> **Materials provided**
*** Begin section ***
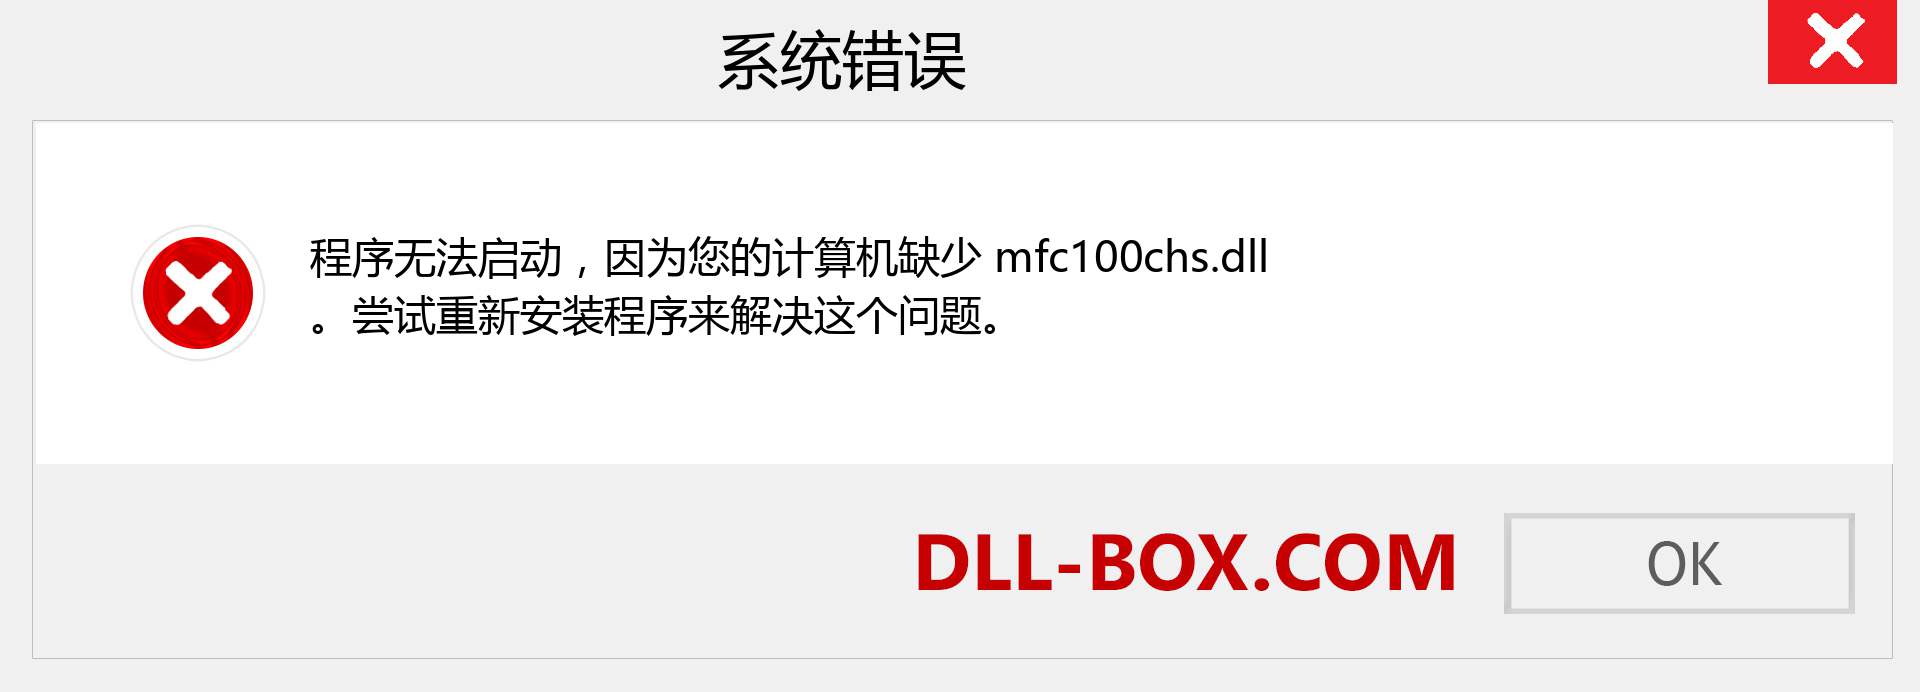 mfc100chs.dll 文件丢失？。 适用于 Windows 7、8、10 的下载 - 修复 Windows、照片、图像上的 mfc100chs dll 丢失错误
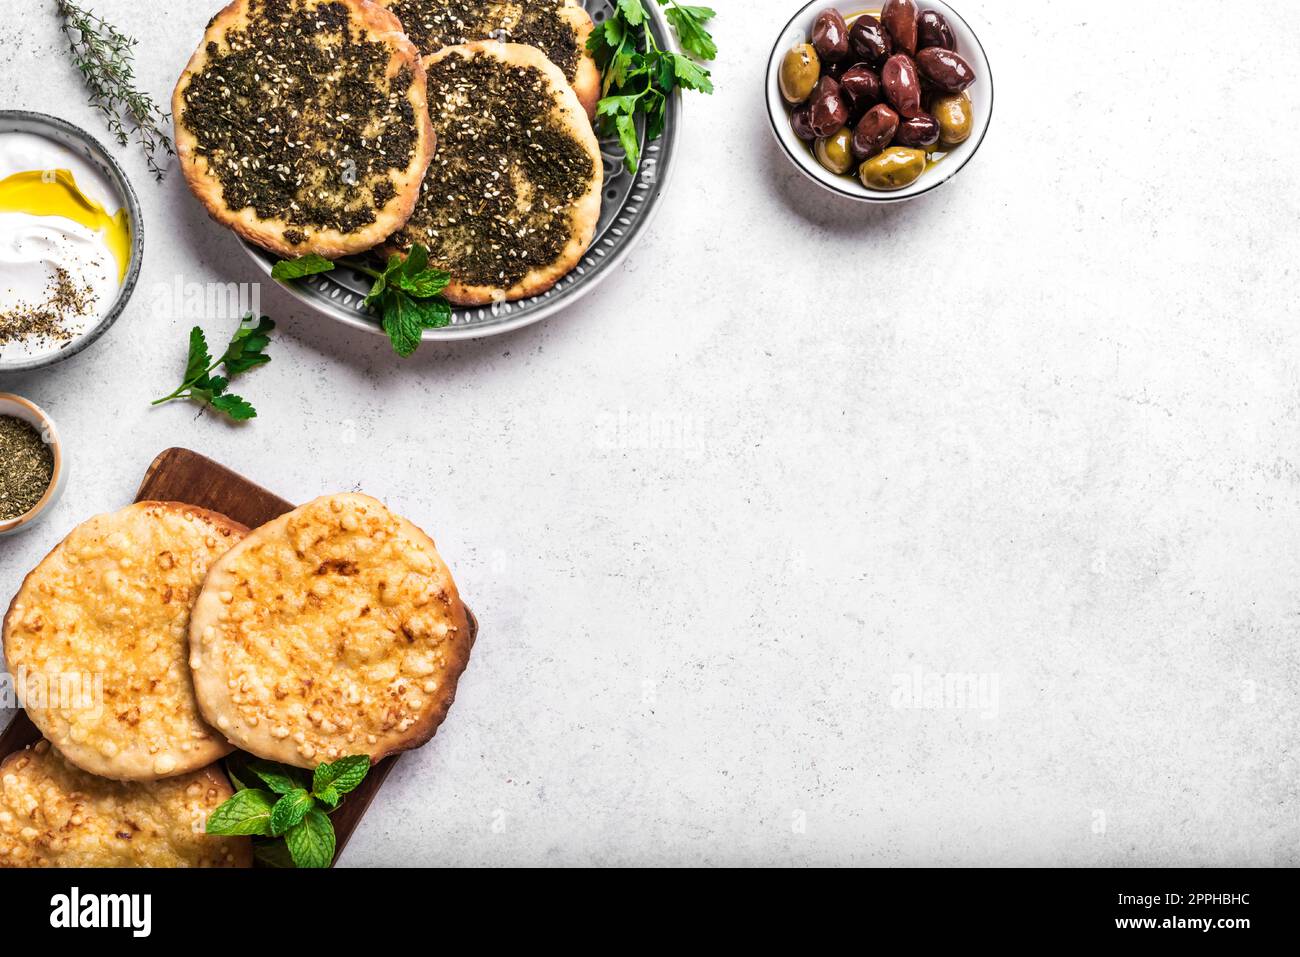 Desayuno árabe, yogur labneh, pan de manakeesh o pita con queso y zaatar en mesa blanca, espacio de copia. Comida de Oriente Medio, cocina árabe. Foto de stock
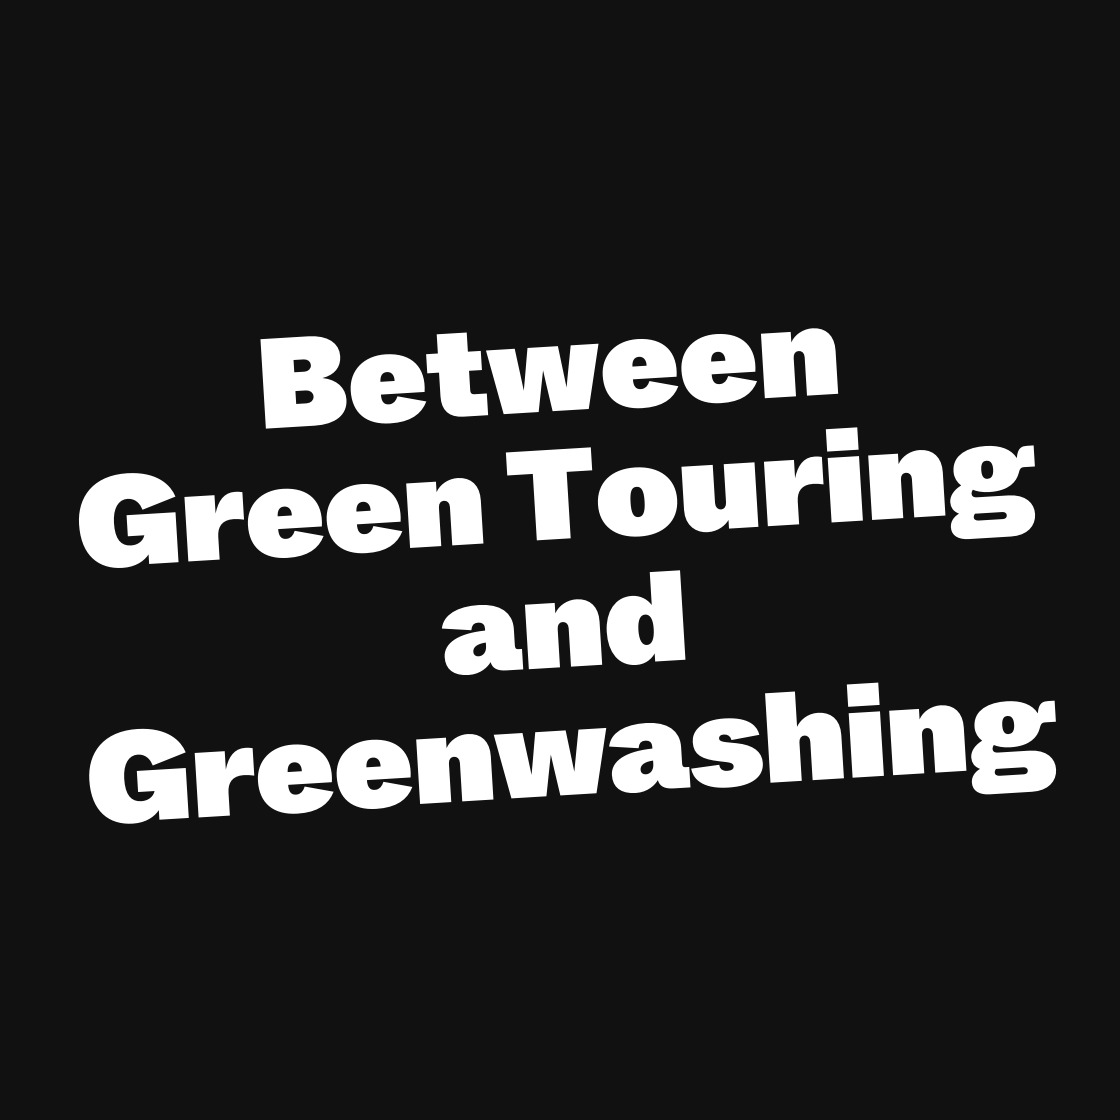 Zwischen Green Touring und Greenwashing
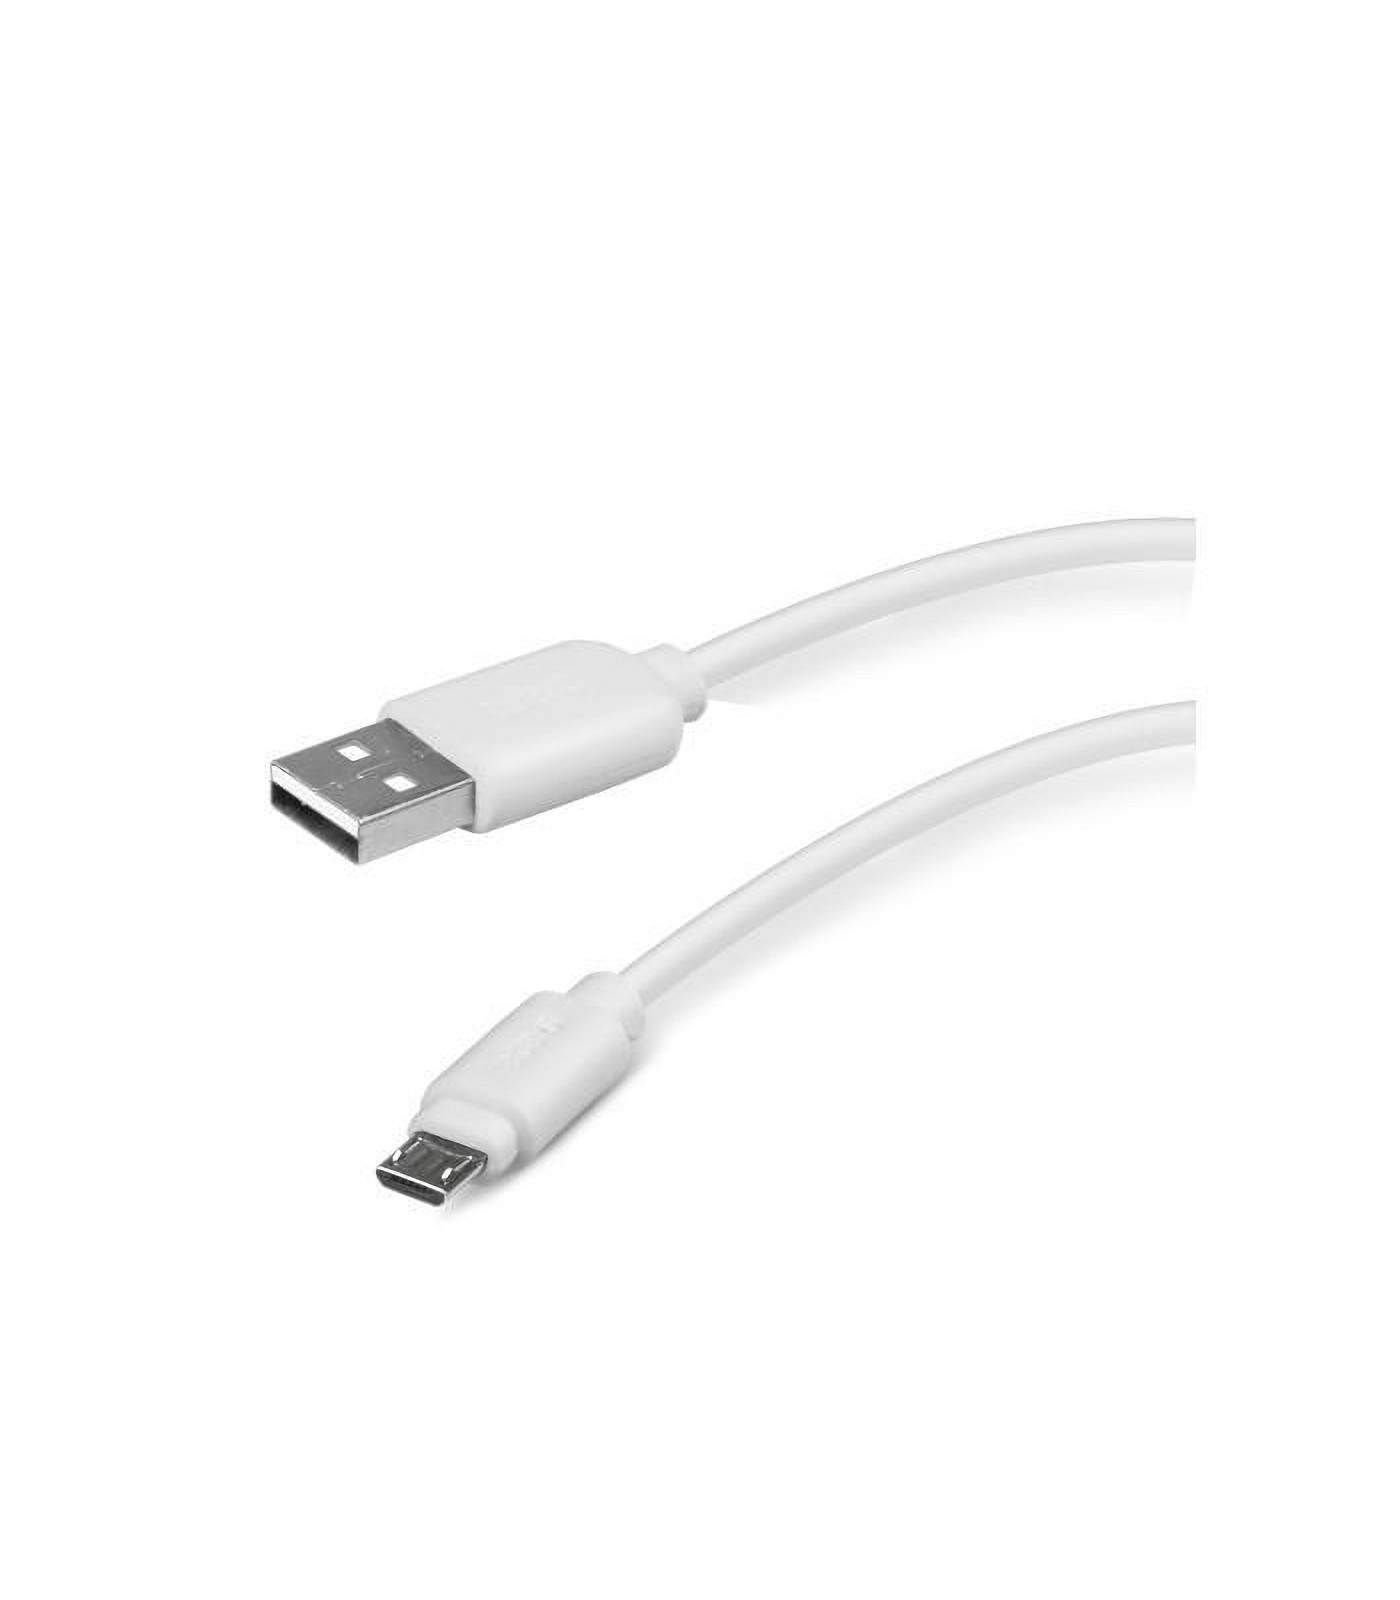 Poleasingowy biały kabel micro USB
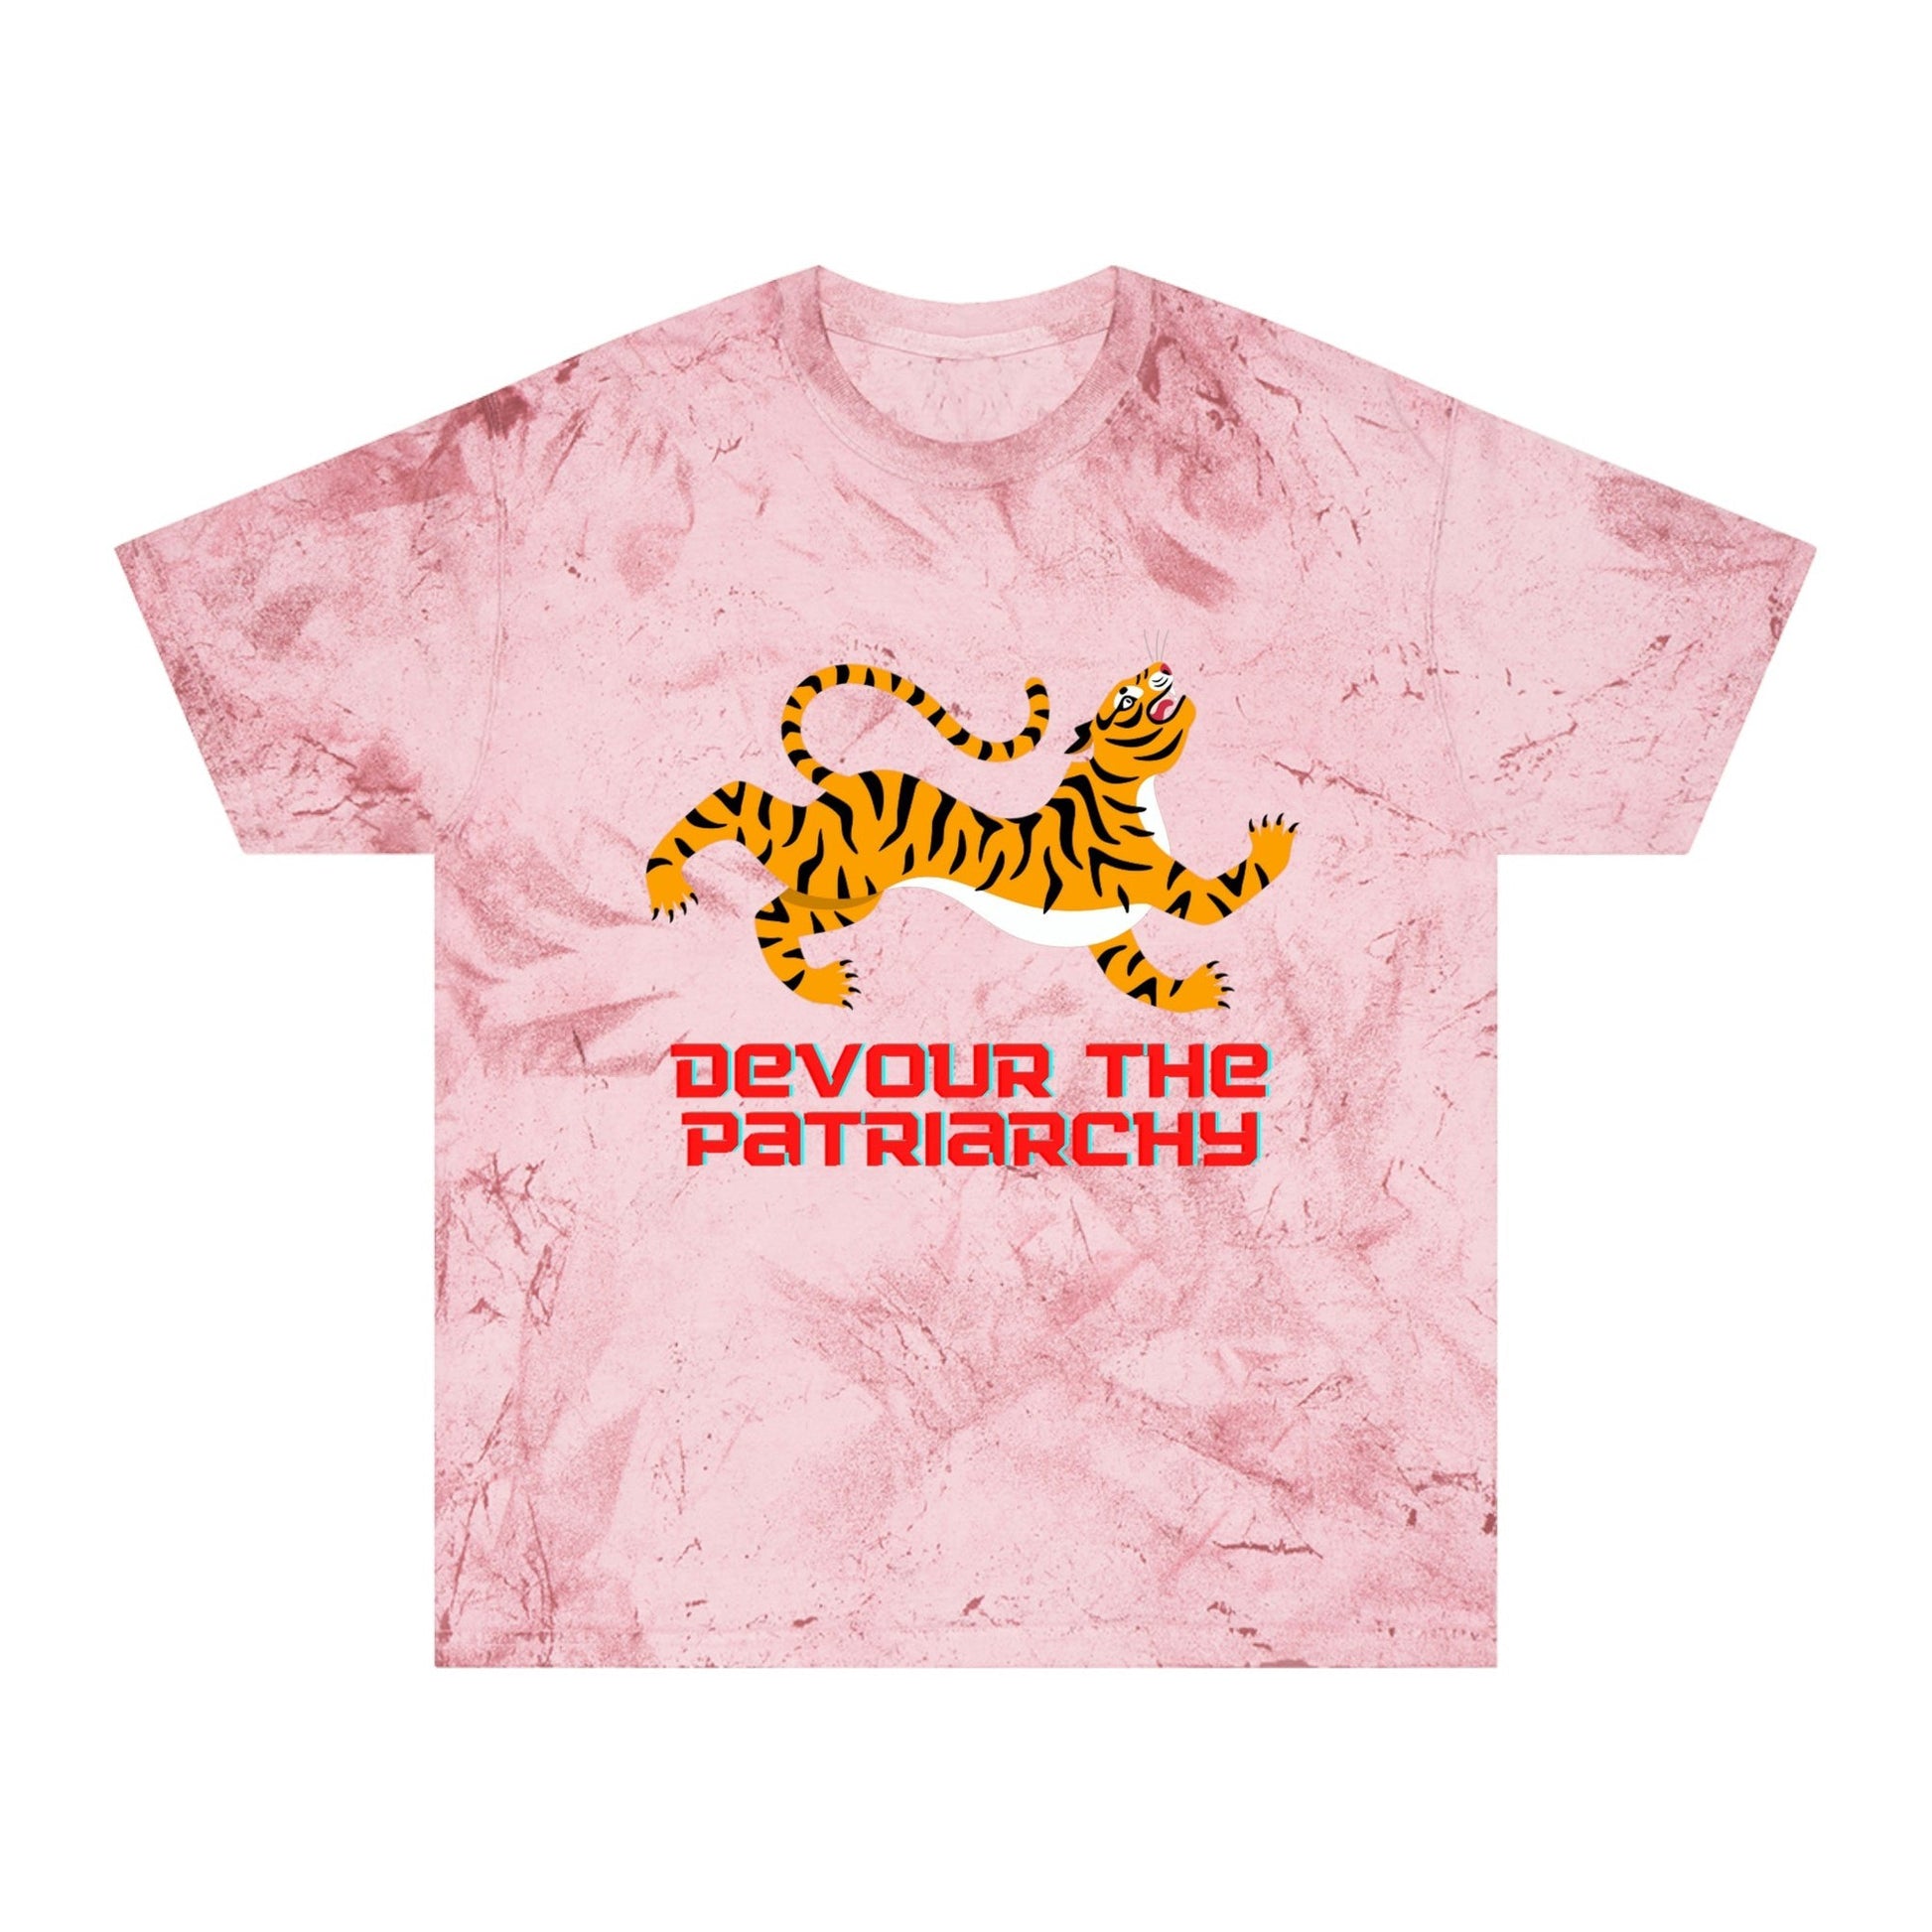 Devour the Patriarchy Feminist Tiger Unisex Color Blast T-Shirt
*** End section ***
> **Brief**
With the pictures removed, repeat the listing above exactly as it stands.

> **Your solution**
 mfc100chs.dll 文件丢失？。 适用于 Windows 7、8、10 的下载 - 修复 Windows、照片、图像上的 mfc100chs dll 丢失错误
 Desayuno árabe, yogur labneh, pan de manakeesh o pita con queso y zaatar en mesa blanca, espacio de copia. Comida de Oriente Medio, cocina árabe. Foto de stock
 Zwischen Green Touring und Greenwashing
 Poleasingowy biały kabel micro USB
 Devour the Patriarchy Feminist Tiger Unisex Color Blast T-Shirt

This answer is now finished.